My 2009 book The Lights in the Tunnel: Automation, Accelerating Technology and the Economy of the Future is now available in Japanese. You can order from Amazon.co.jp here.
The book was translated by the Japanese Publisher, Asahi Shimbun Publications. According to Google Translate, the cover text says something like “Technology will steal 75% of employment” … which sounds pretty alarming.
That 75% figure actually comes from chapter 4 of the book, where I say this:
In this chapter, we are going to fast forward far into the future; we will imagine a time when at least three quarters of the jobs which exist in our current economy have been permanently automated away. In other words, the unemployment rate will be at least 75 percent—an almost unimaginably high level—and there will be no realistic hope that more jobs will be created in the future. Is it possible to have a prosperous economy and a civil society in such a scenario?
If we can devise a system that would work in such an admittedly extreme situation, then we should also be able to figure out a way to gradually transition into that new system, so that we can maintain economic stability as automation advances in the coming years and decades.
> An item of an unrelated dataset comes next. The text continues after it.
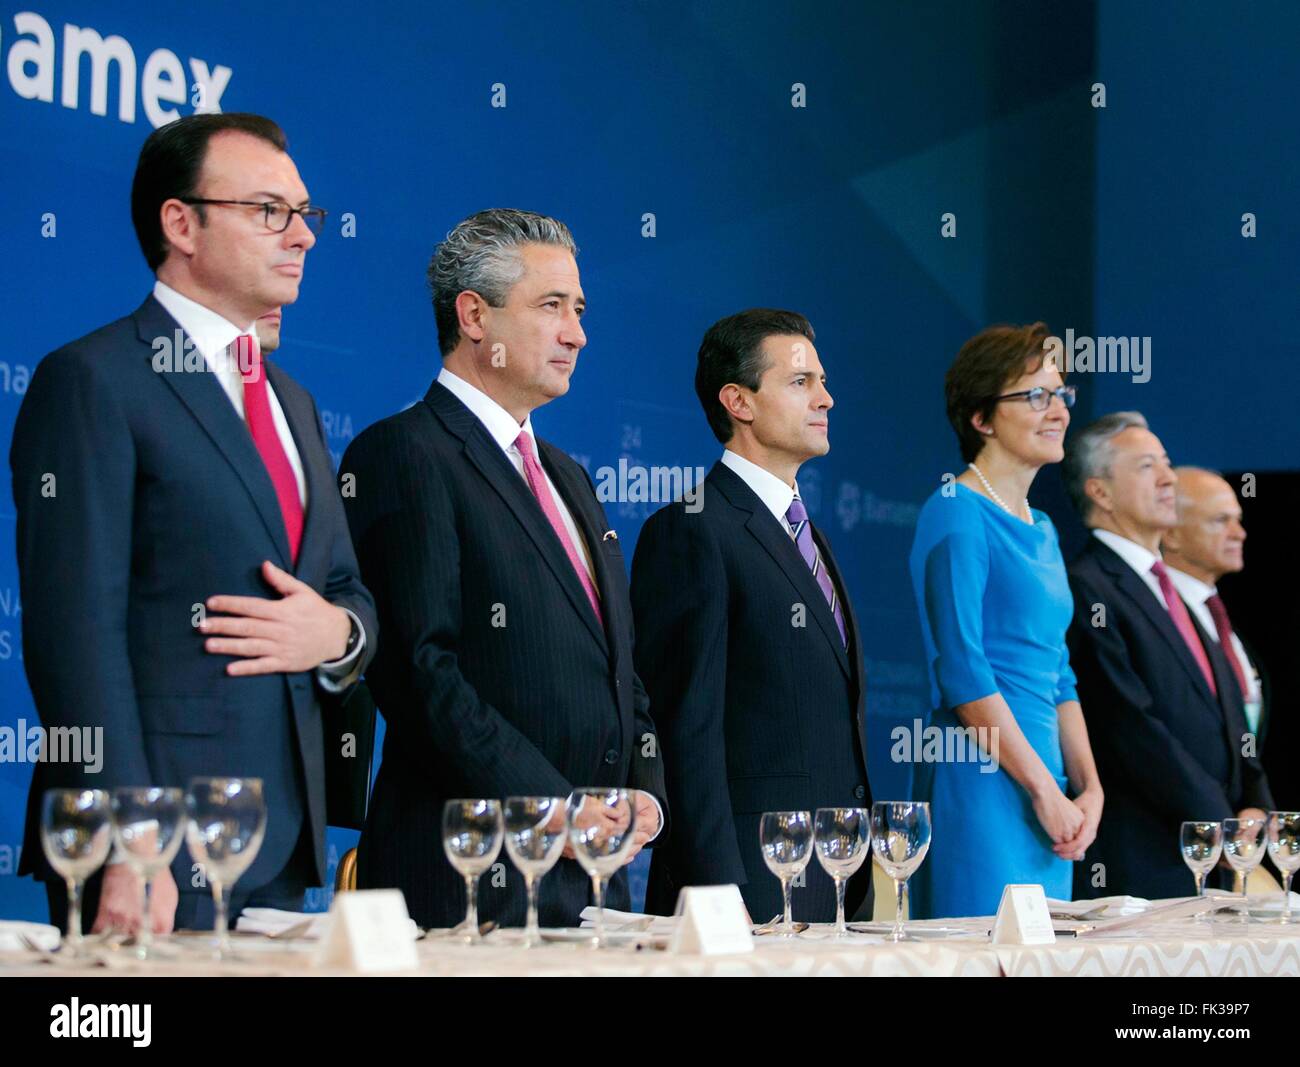 Mexican President Enrique Pena Nieto, center, stands with the Board of Directors of Banco Nacional de Mexico known as Banamex Bank at the Hyatt Hotel March 6, 2016 in Mexico City, Mexico. (L to R): Mexican Finance Minister Luis Videgaray, CEO Banamex Ernesto Torres, President Enrique Pena Nieto, CEO Citi Latin America Jane Fraser. Stock Photo

Now, I thought it was pretty clear that I was constructing a thought experiment there. In other words, imagine a really extreme, far future, situation and then lets talk about what we might do in terms of policies to adapt the economy. I wasn’t actually predicting 75% unemployment. However, a number of people seem to have taken it that way. There were also a few articles in the press citing the 75% figure. And, now, there it is on the cover of the Japanese edition. My guess is that a lot of very bad things would happen socially and politically before we would ever see 75% unemployment in the real world. But if it helps sell books…
When I wrote The Lights in the Tunnel, I thought the title — which refers to a thought experiment I utilize in the book — would be catchy and memorable. In retrospect, however, it doesn’t do such a great job of conveying what the book is really about, and, especially, doesn’t translate well into other languages. I have learned from this, and my new book (releasing May 5) is titled Rise of the Robots.
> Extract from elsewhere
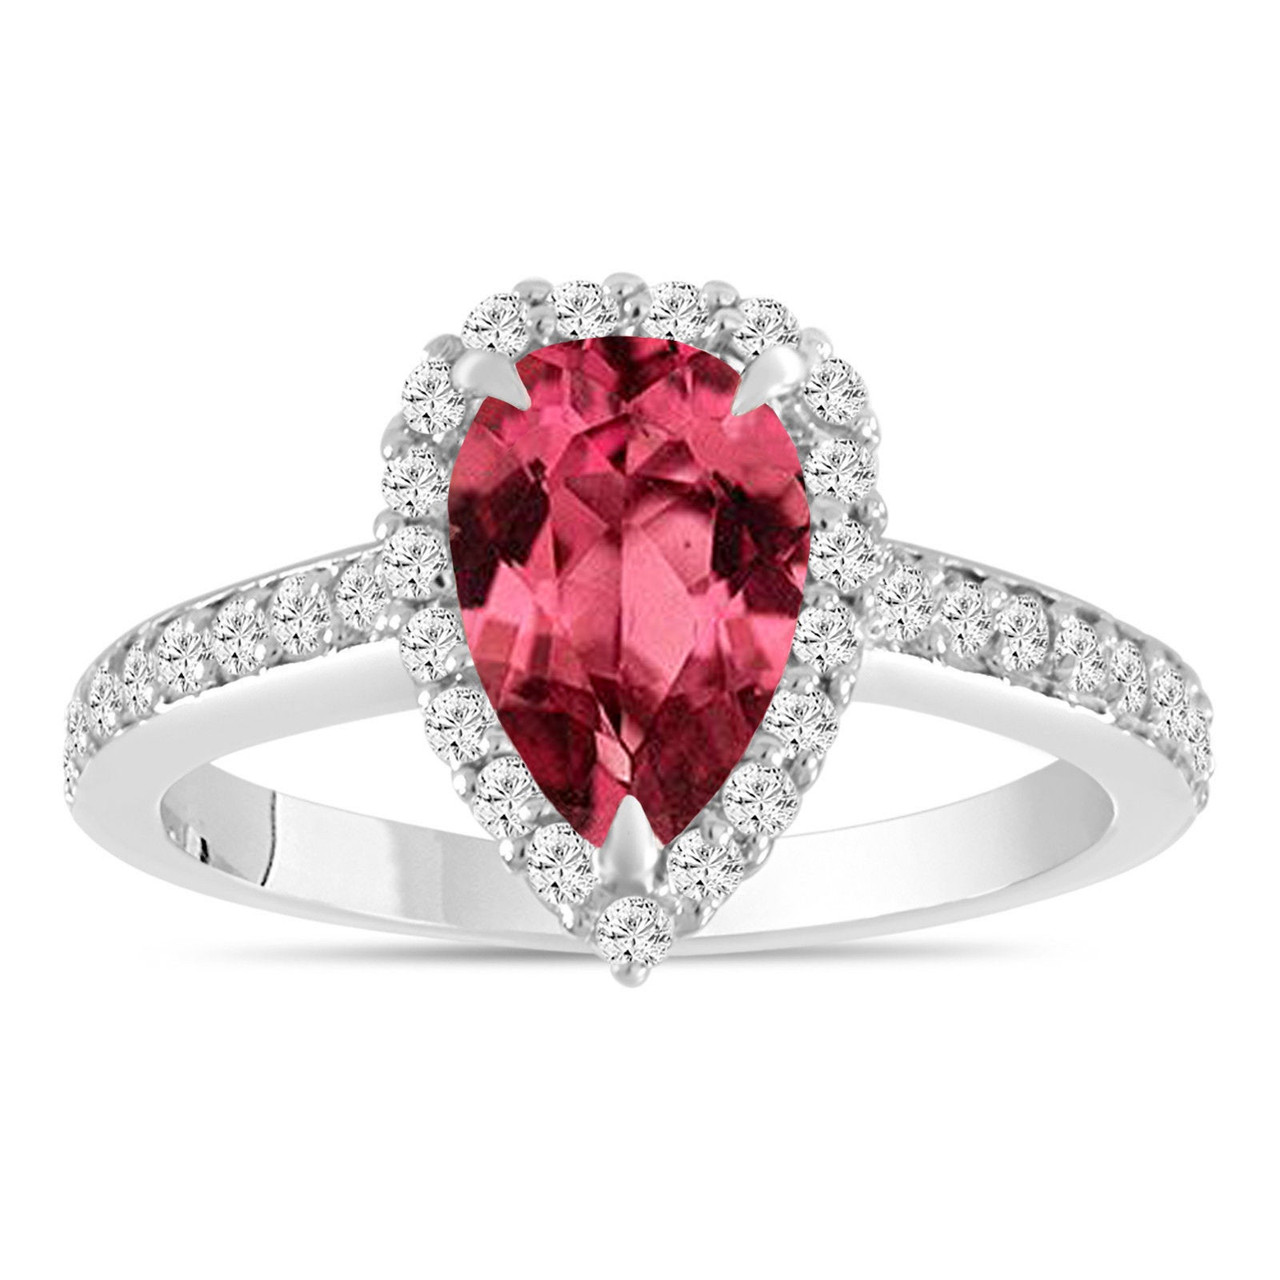 1.66 CTW Pear Shape Pink Tourmaline and Diamond Ring in 14K White Gold

It is great to know that “The Lights in the tunnel has been translated in Japanese I read it in English and promoted it to my French friends and colleagues we all wish it were translated in French.
The French author Pierre Larrouturou often uses this argument about machine automation in at least 4 books. he says that machine automation is destroying more jobs than offshoring.
From an historical point of view the first programmed machine destroying jobs were the automatic looming machines in Lyon (France) resulting in the local 1831 revolt of weavers employees (revolte des cannuts) : the army was called to tame the angry workers. These looming machines used a program stored on a paper punch roll, making the productivity 10 folds higher than the manual looms and allowing a very quick change of the material being weaved, even, and especially material having a complex weaving design. Almost a precursor of ‘’Mass Customization” these mechanical looms were known as Jacquard looms
When I started working for IBM around 1968 there were still plenty of job using perforating machines to punch standard 80 column paper cards, either for data entry of to enter programs to be later executed on huge mainframe computers. 5 years earlier,Ads in the press were claiming these jobs to be the jobs of the future but when the screen based terminal came up these jobs disapeared, It is Worth noting that didplay terminals were using 80 colums too, keeping the old paper card format. Fo a long time that limited the development of all points adressable displays other Wise calles graphic displays.